January 6, Tsai A-Ga uploaded a video to his channel refuting the allegations made by Laura in her apology statement, describing them as entirely unfounded. He also urged Laura to face the judicial process honestly, fulfill her responsibilities, and refrain from using smear tactics to mislead the public.

January 7, Tsai A-Ga adapted the popular song "Paramela" (帕拉梅拉) by rewriting its lyrics to create a parody entitled Pay Back the Money, Laura (还钱萝拉). The song mocked Laura over her unpaid debts and alleged drug use, and a video of Tsai performing the song was uploaded to his YouTube channel.

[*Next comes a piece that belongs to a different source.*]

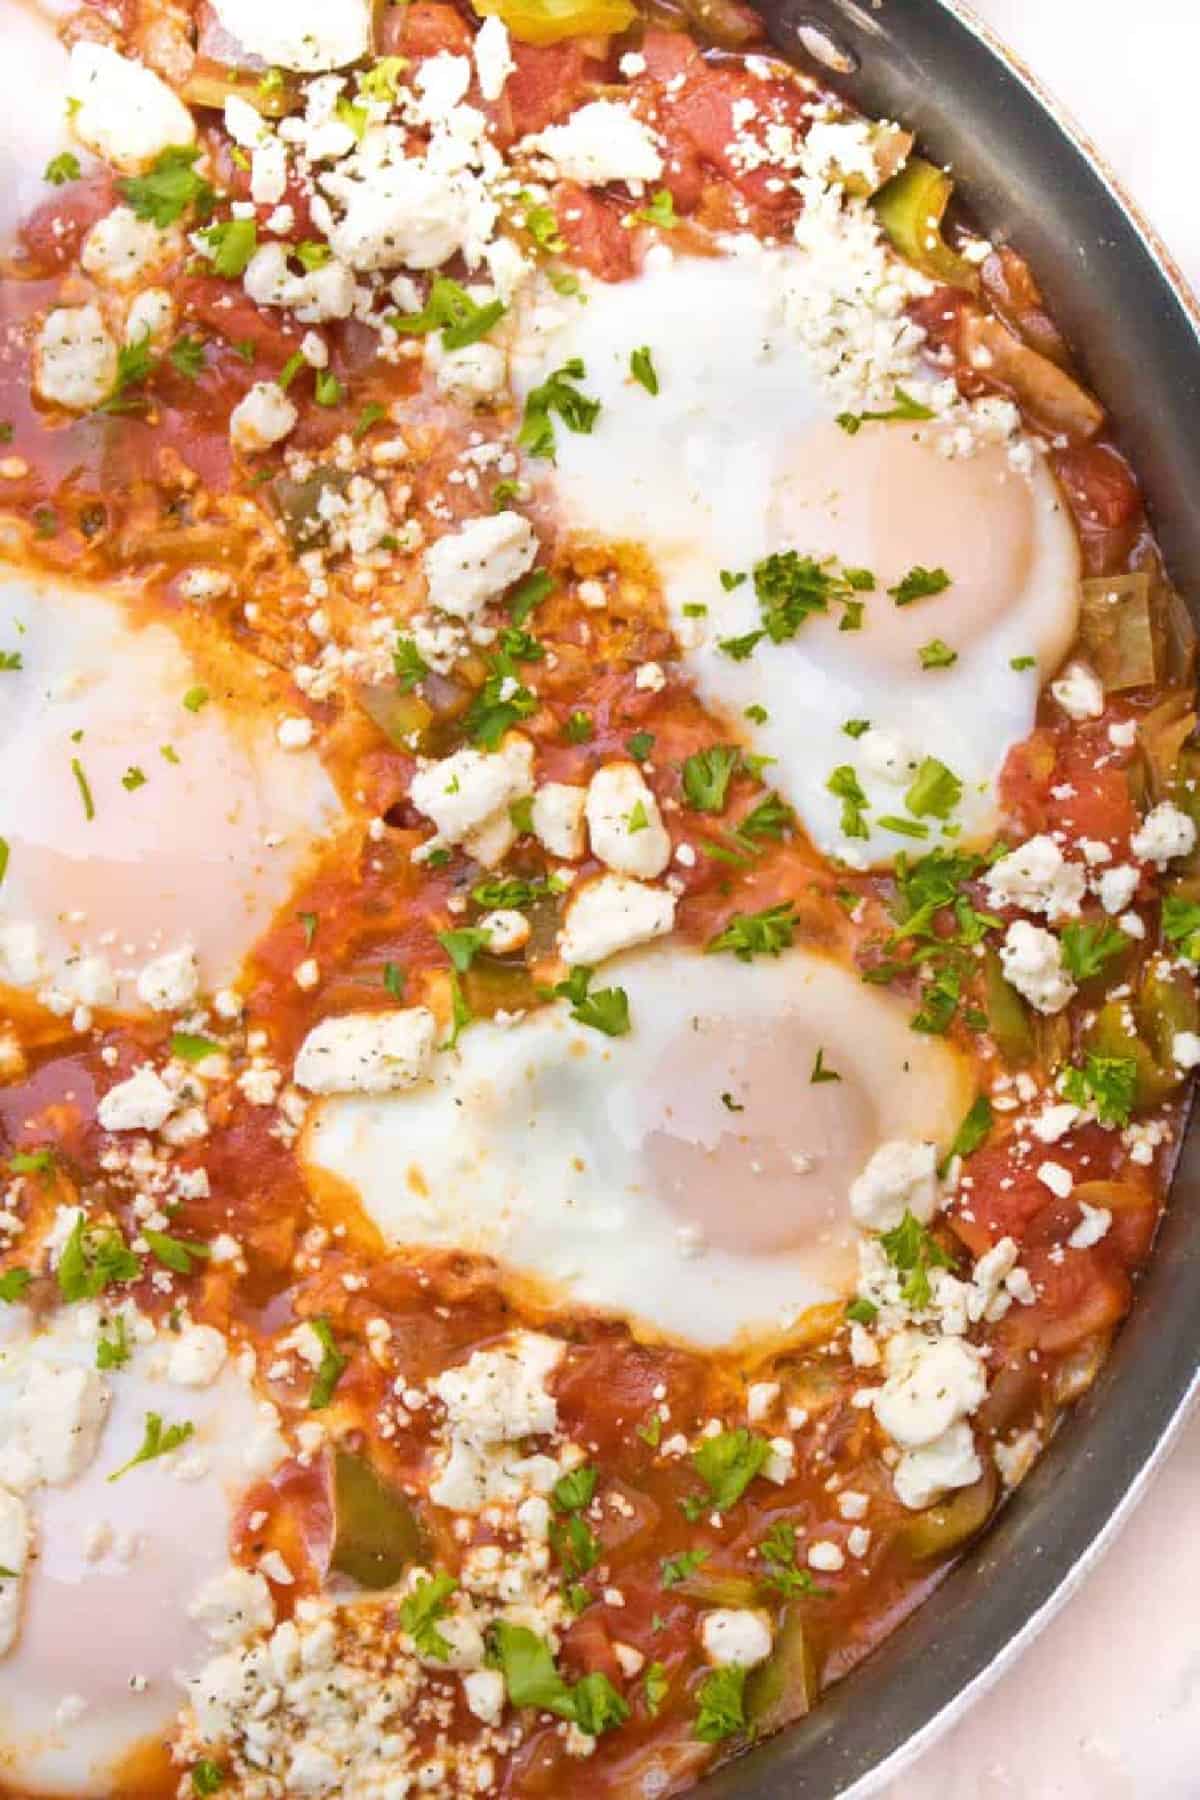 baked eggs in a tomato sauce topped with feta cheese.

March 11, Tsai A-Ga uploaded a video to his channel detailing the second compulsory enforcement action against Laura. The video showed that Tsai A-Ga and his wife had returned to Laura's residence with additional personnel on 30 December 2024 and, anticipating that she might refuse to answer the door, had specifically brought a locksmith. Upon entering the residence, they discovered that the bathroom in Laura's room was locked, while sounds of a cat could be heard inside, confirming that Laura was hiding there. After a period of standoff, Laura eventually opened the door and claimed that she had contracted influenza A and needed to remain in isolation, attempting to avoid the debt collection process.

In the video, Tsai A-Ga stated that valuable items, including electrical appliances, luxury goods, and expensive liquor, were removed from Laura's room as collateral for her debts. During the process, however, police conducted a search and discovered an electronic cigarette and cartridges containing the Schedule II controlled substance etomidate, commonly known as "zombie vape cartridges", inside Laura's bedside cabinet. The video showed that Laura initially denied ownership but later stated, "If someone has to admit it, then I will admit it, but these things are not mine." The statement attracted public attention. Police tested the cartridges on-site, confirmed the presence of narcotic substances, and expanded their investigation.

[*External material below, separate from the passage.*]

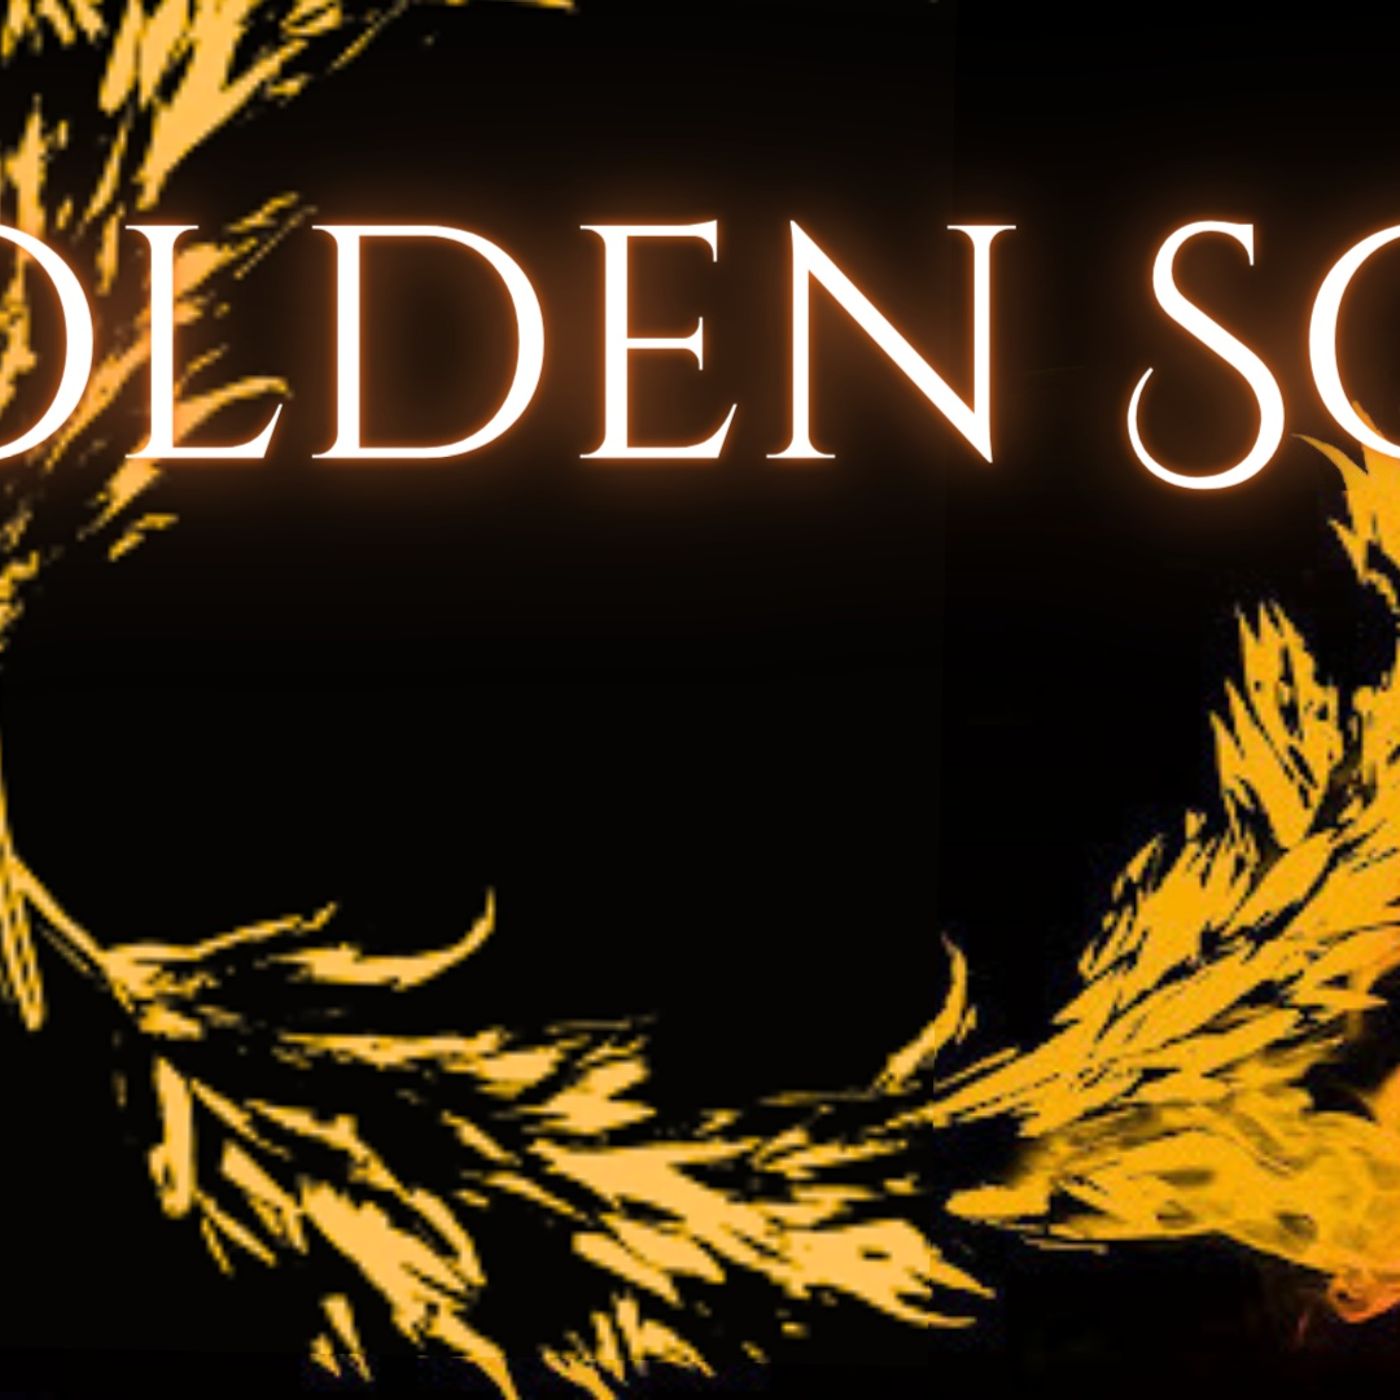 Golden Son, Chapters 9-11

In addition, Tsai A-Ga disclosed in the video that, as of 13 January 2025, Laura had repaid only approximately NT$800,000 through court-ordered enforcement and asset seizure procedures. Around NT$400,000 had come from the seizure of stocks, while another NT$300,000 had been paid on her behalf by a friend through the court rather than voluntarily by Laura herself. Compared with the NT$30 million she was alleged to have obtained through the use of AB contracts, the amount repaid remained far below the total. At the end of the video, Tsai A-Ga stated that he had obtained information indicating that Laura had attempted to smear him and emphasized that he would continue pursuing repayment through legal means.

He further revealed that Laura had attempted to delay the debt collection process and had called for "reinforcements" by telephone. One woman identified herself as a relative of the property owner, while a man claimed that the owner was his niece. Subsequent media reports revealed that the property was registered under a company owned by YouTuber Saint (Sheng Chieh-shih), indirectly confirming that the "reinforcements" were in fact Saint's in-laws, including his mother-in-law and his wife's uncle.

In response, Saint issued a statement on social media emphasizing that neither he nor his company had any connection with Laura or these relatives. He thanked Tsai A-Ga for "doing him a big favor" by exposing the problems associated with these individuals. He further stated that those relatives had previously been involved in multiple controversies and that he had unsuccessfully attempted to dissuade them, even considering filing lawsuits against them. He also warned the public to remain vigilant and to report directly to the police if anyone attempted to borrow money or conduct cryptocurrency-related activities in his name.